Baca juga: Hindari konflik dengan manusia, BKSDA upayakan buat peta pergerakan gajah

Kendati demikian, menurut Agus, kelompok kawanan gajah di daerah Tanah Rencong itu terus bertambah, menyusul terdegradasi wilayah pergerakan satwa dilindungi yang memiliki belalai itu akibat perambahan hutan oleh manusia.

Oleh sebab itu, BKSDA terus menelusuri pecahan kelompok baru dari kelompok-kelompok gajah yang sudah ada tersebut, agar salah satu gajah dari kelompok baru tersebut bisa dipasang GPS collar.

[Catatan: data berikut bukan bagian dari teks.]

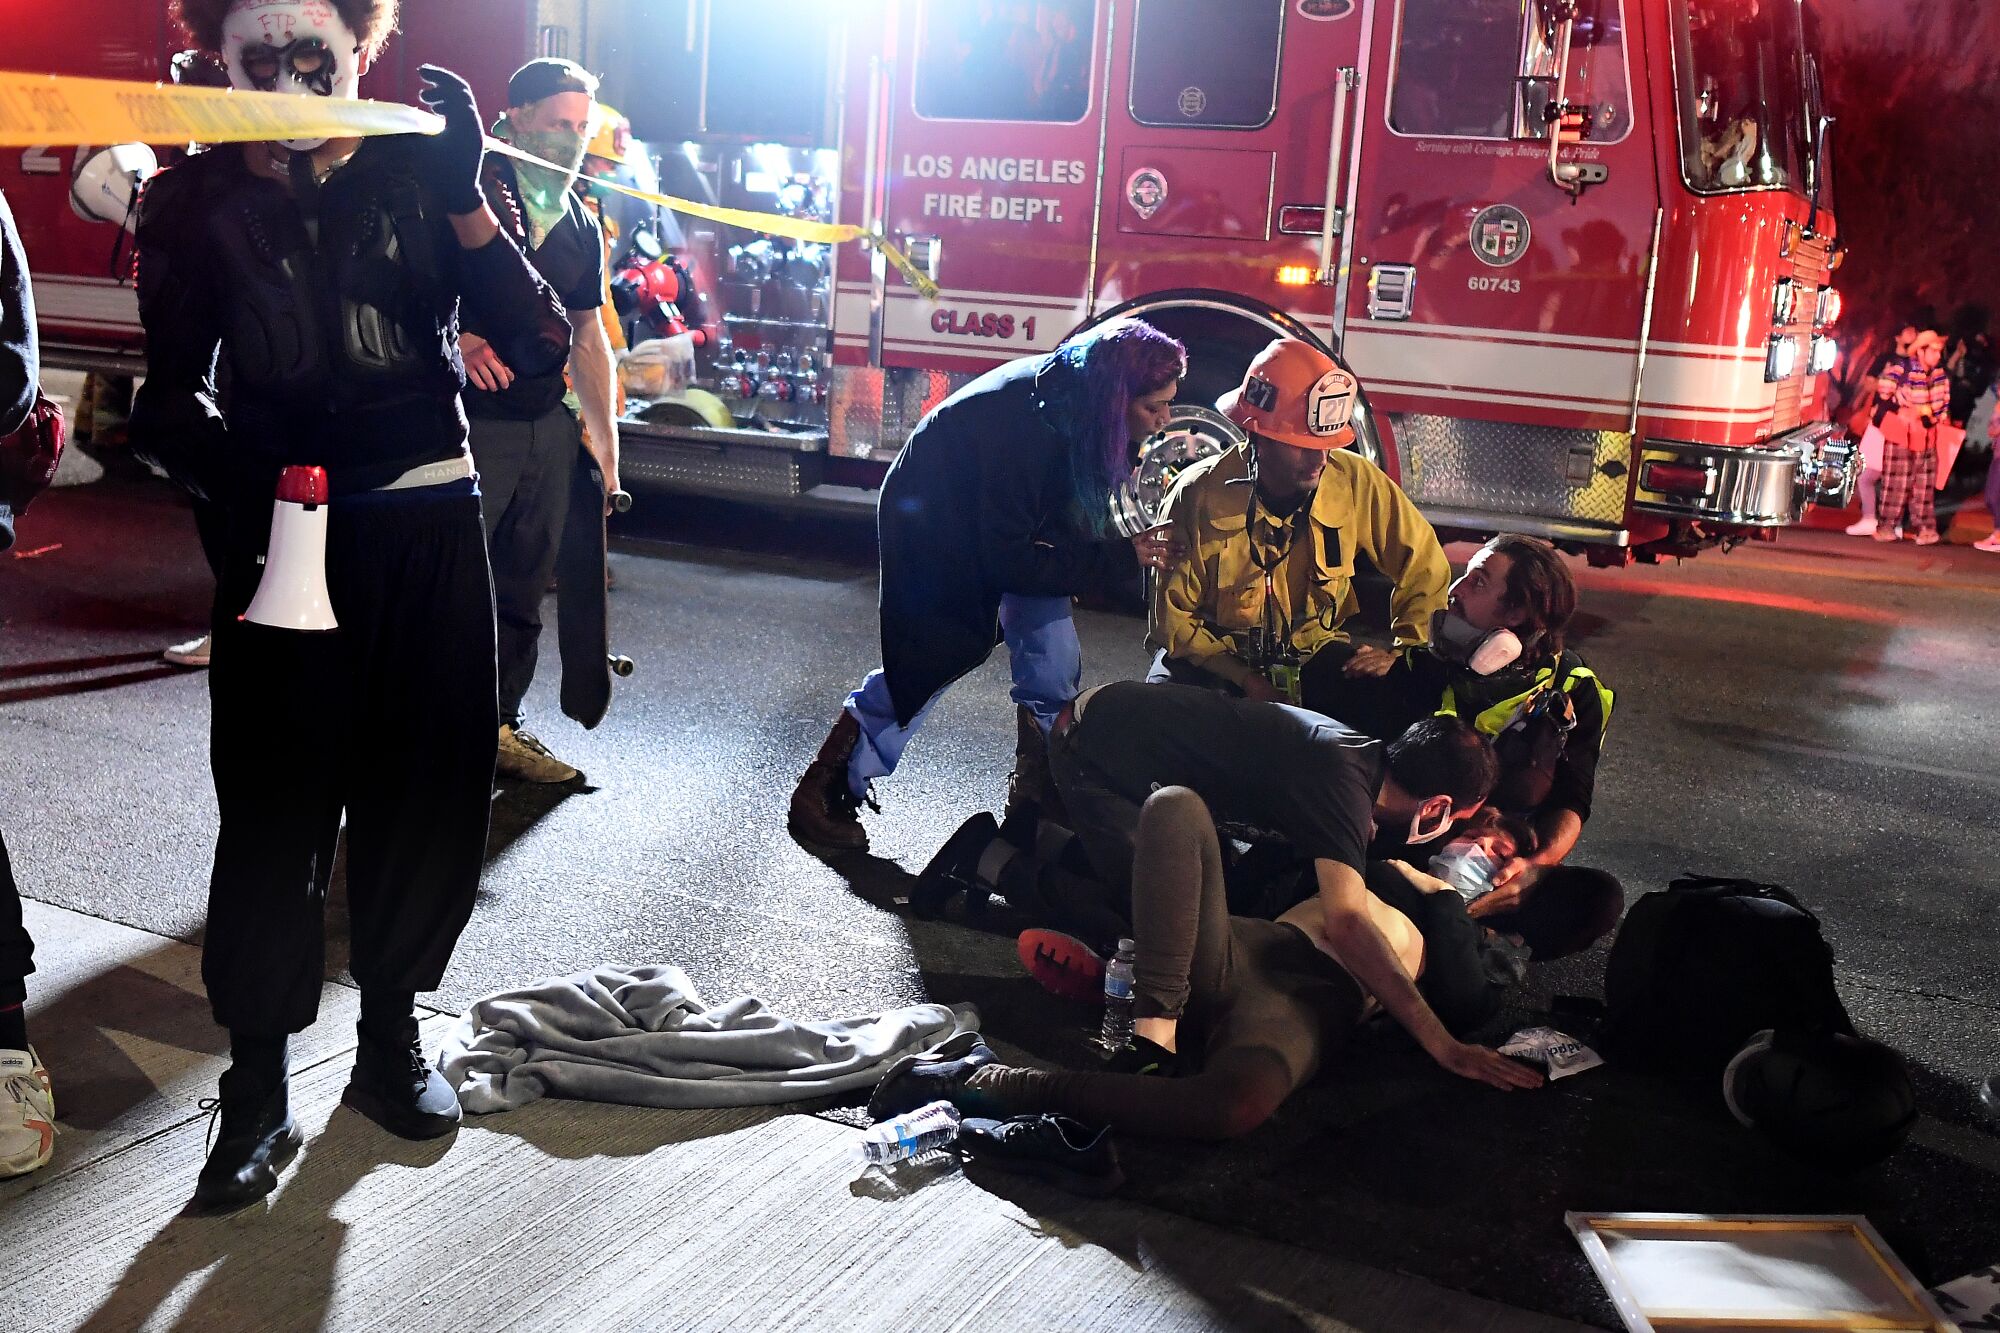 Paramedics arrive after a protester was hit by a truck in Hollywood

“Ini sedang kita telusuri dan nanti kita pasang secara keseluruhan GPS collar sehingga kita tahu peta pergerakannya secara lengkap,” katanya.

Selanjutnya, kata Agus, dari data GPS collar nantinya juga akan dianalisis setiap wilayah-wilayah pergerakan gajah, termasuk ketika gajah memasuki perkampungan. Harapannya, cara seperti ini bisa meminimalisir konflik satwa liar yang kerap terjadi dengan masyarakat.

“Dari tujuh kelompok yang sudah ada ini, kita buat peta pergerakannya, disitu nanti kita analisis apa sebetulnya yang ada dalam kawasan hutan yang berkonflik itu,” katanya.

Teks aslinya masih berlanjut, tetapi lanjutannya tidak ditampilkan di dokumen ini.